_Supplied information_.
************
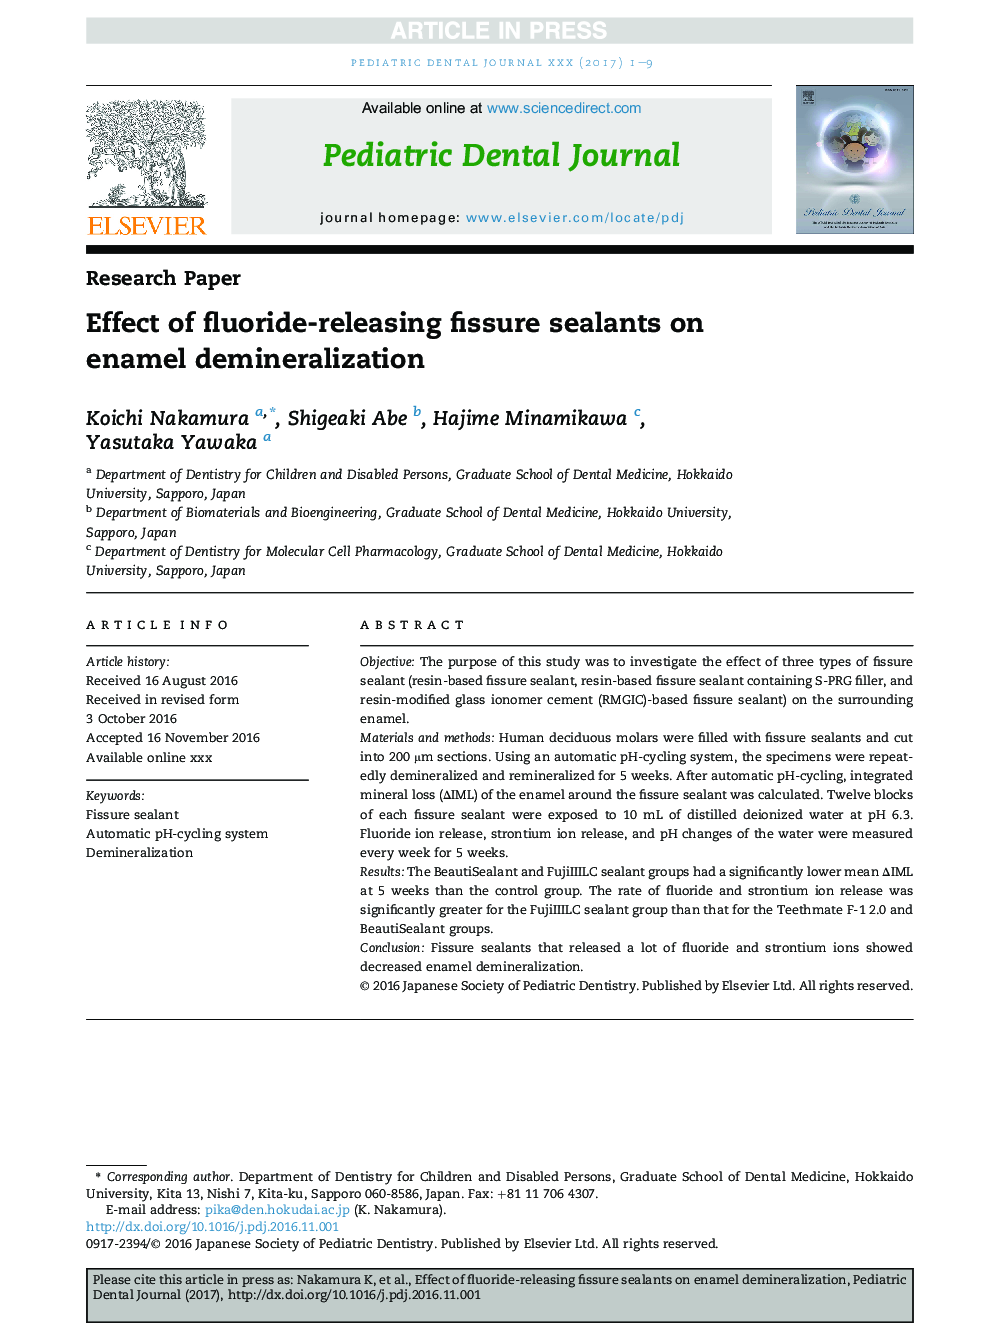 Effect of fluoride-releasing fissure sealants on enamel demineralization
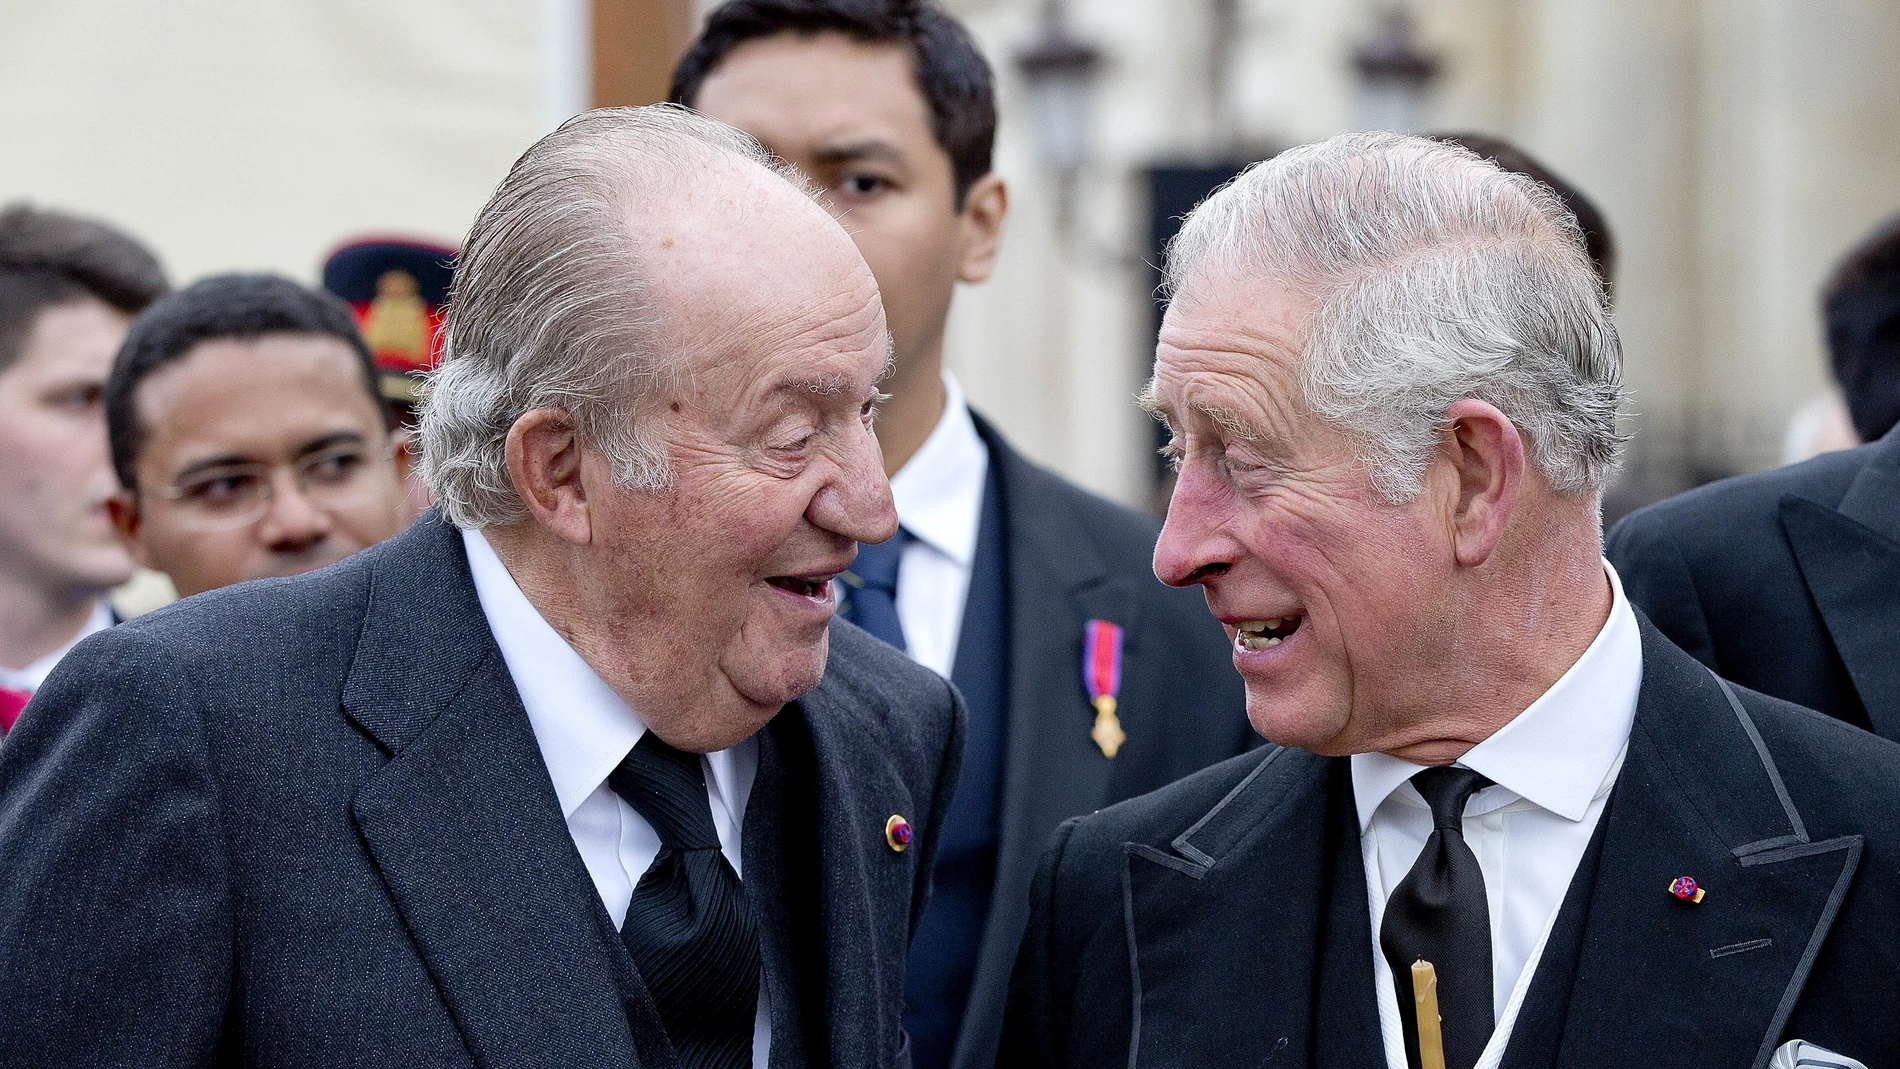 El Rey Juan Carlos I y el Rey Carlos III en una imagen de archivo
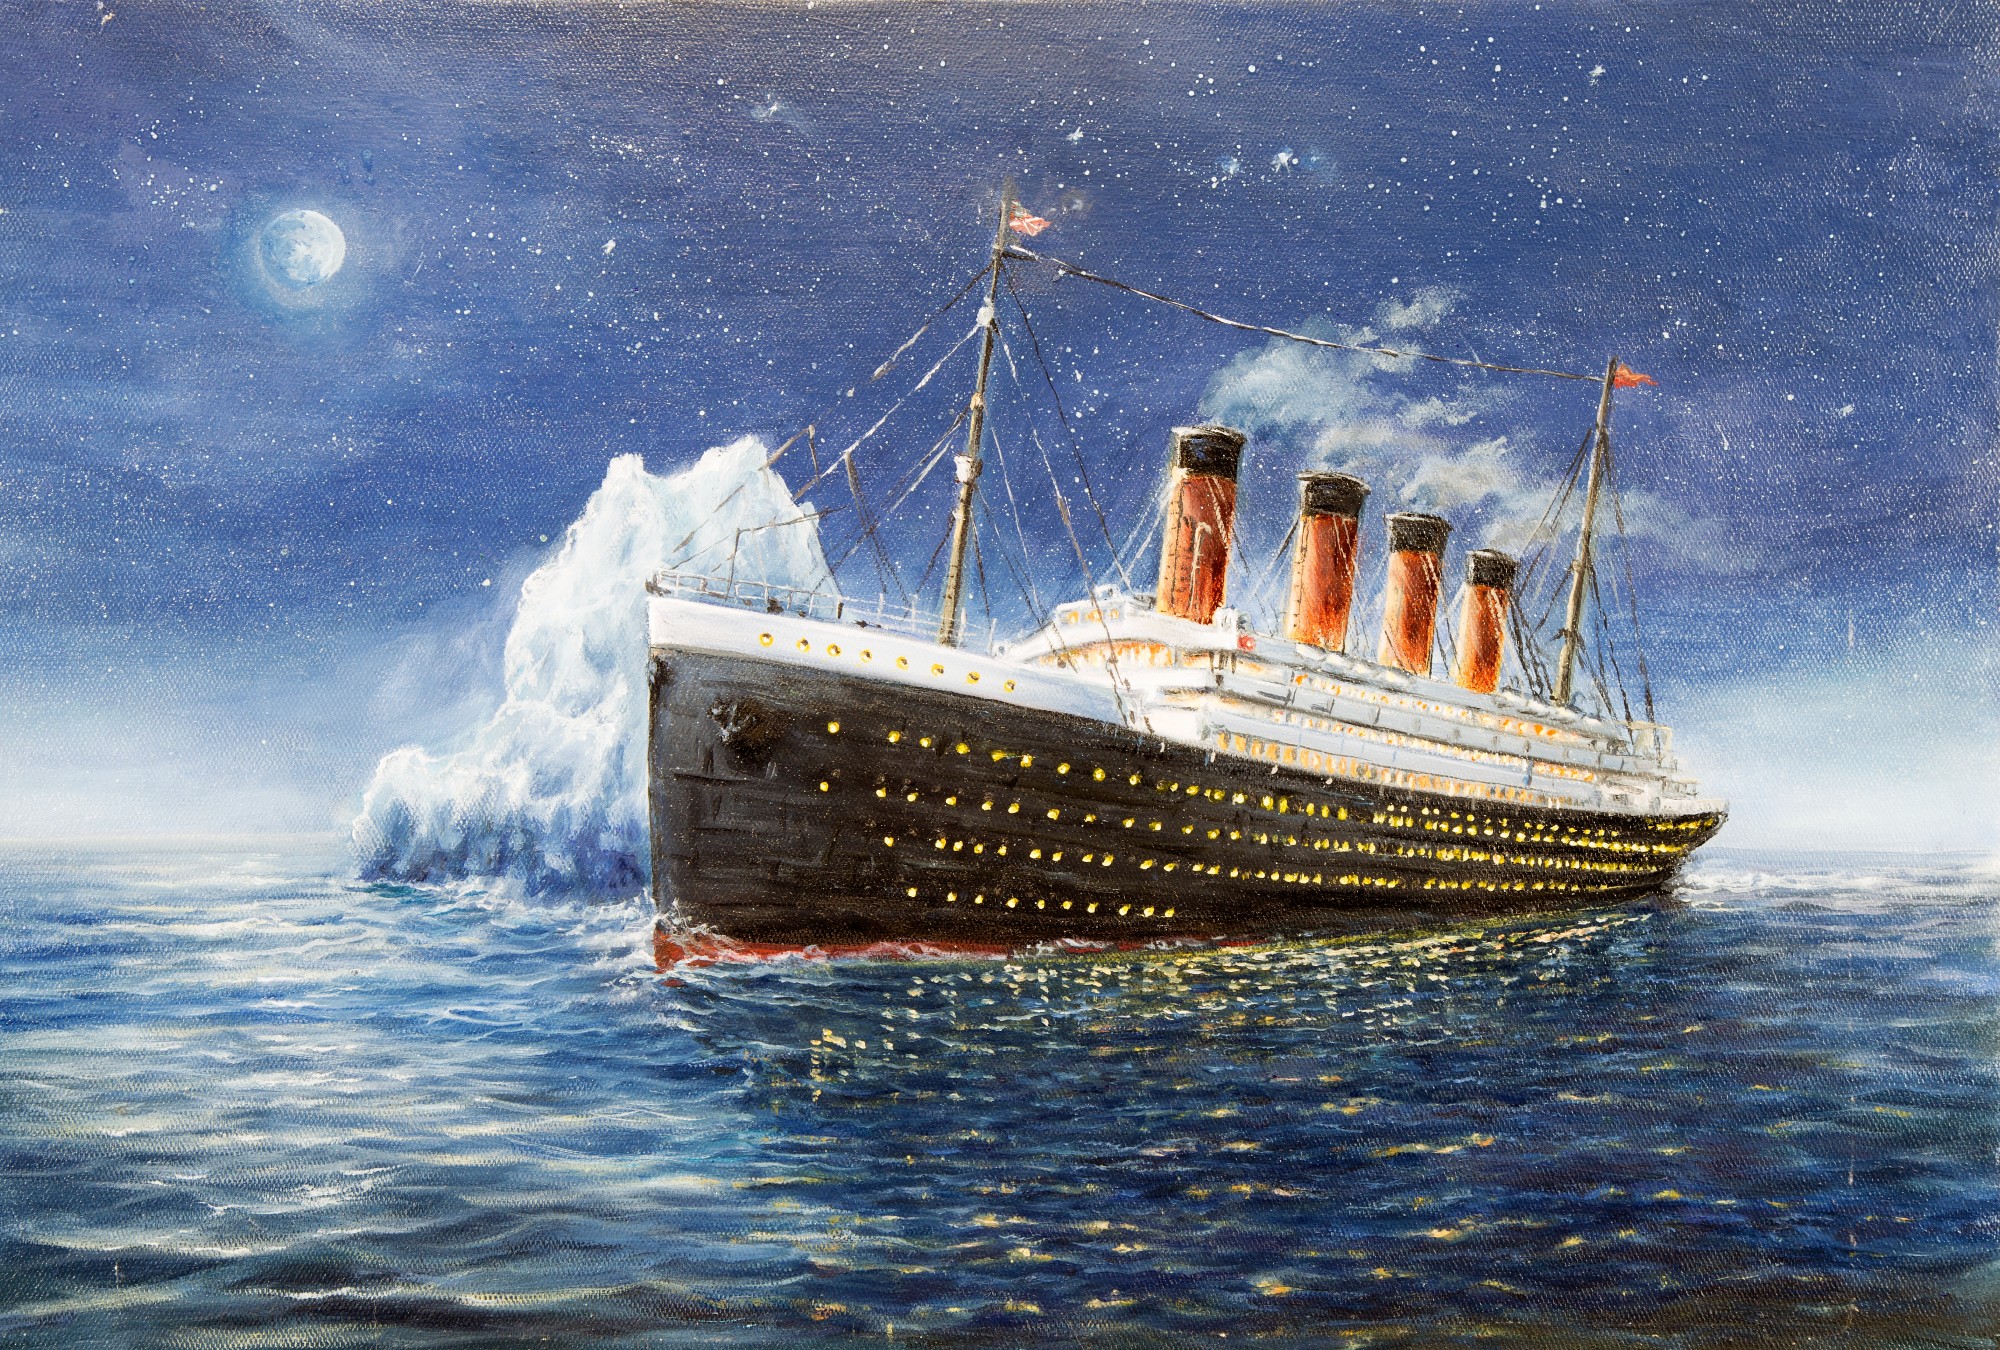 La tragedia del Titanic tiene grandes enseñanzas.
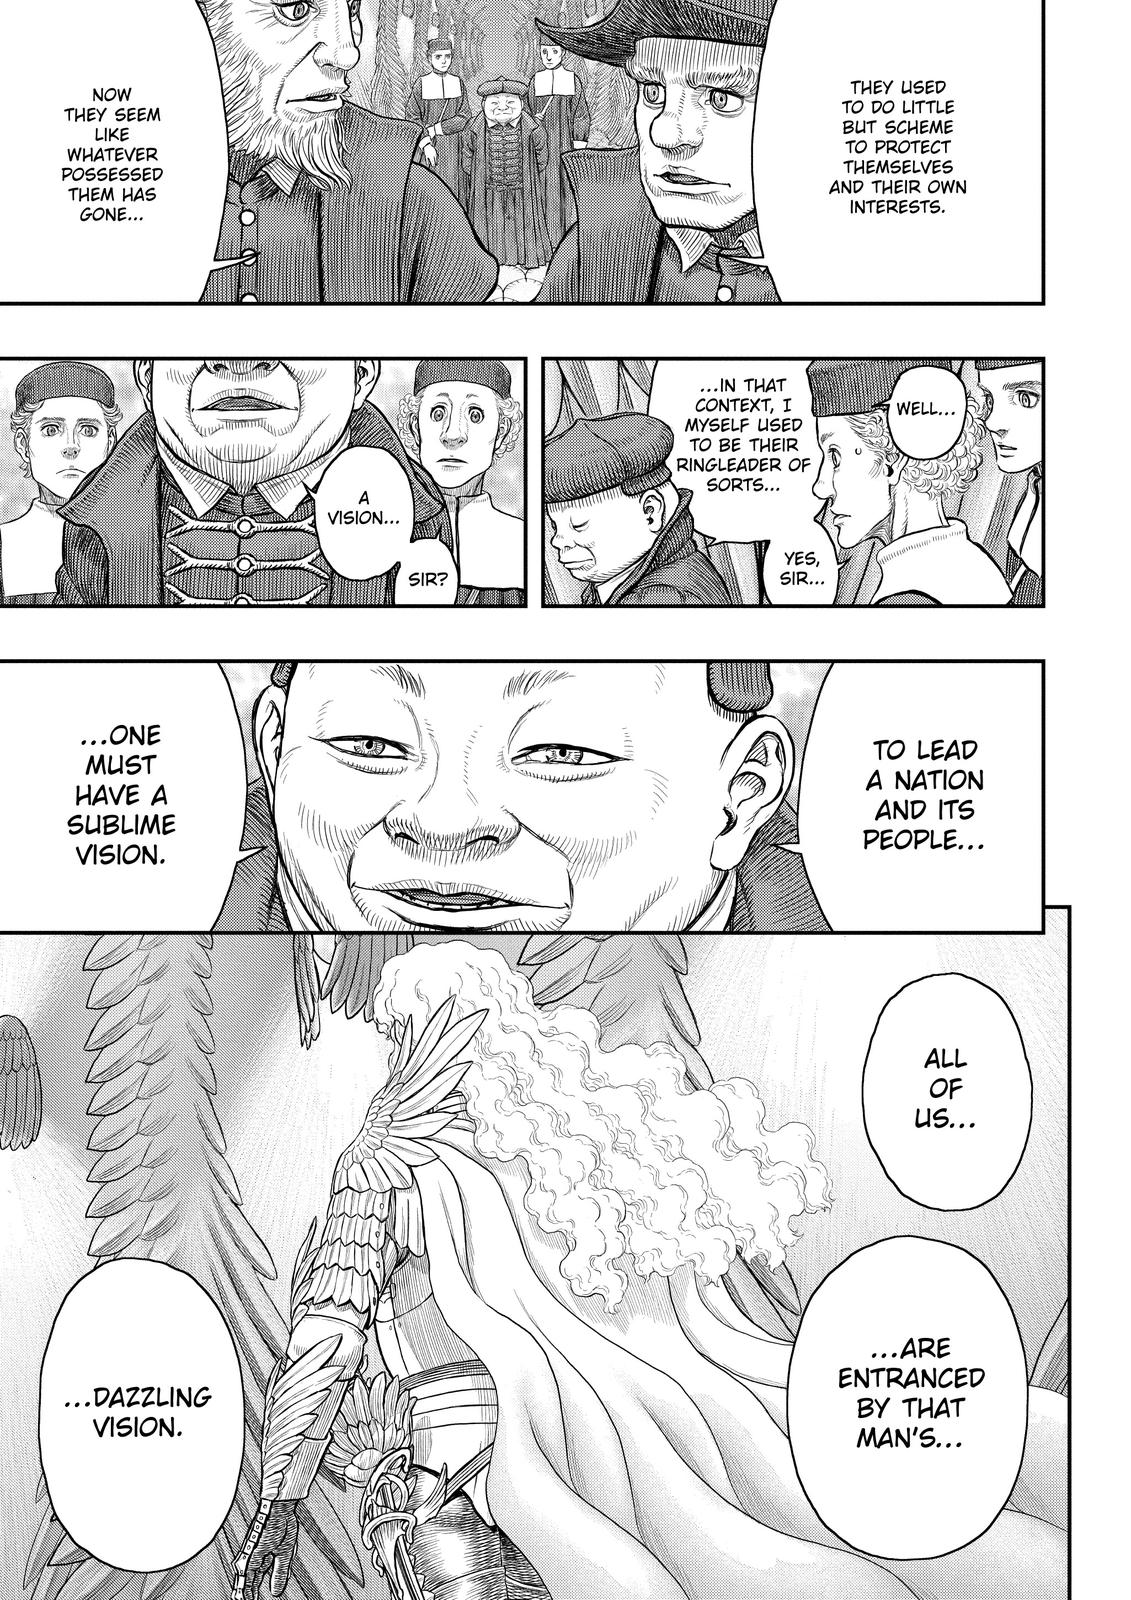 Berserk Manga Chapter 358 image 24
************
_Task directions_. Transcribe all data precisely. Pictures are not copied.

_Worked solution_.
 Effect of fluoride-releasing fissure sealants on enamel demineralization
 El Rey Juan Carlos I y el Rey Carlos III en una imagen de archivo
 La tragedia del Titanic tiene grandes enseñanzas.
 Berserk Manga Chapter 358 image 24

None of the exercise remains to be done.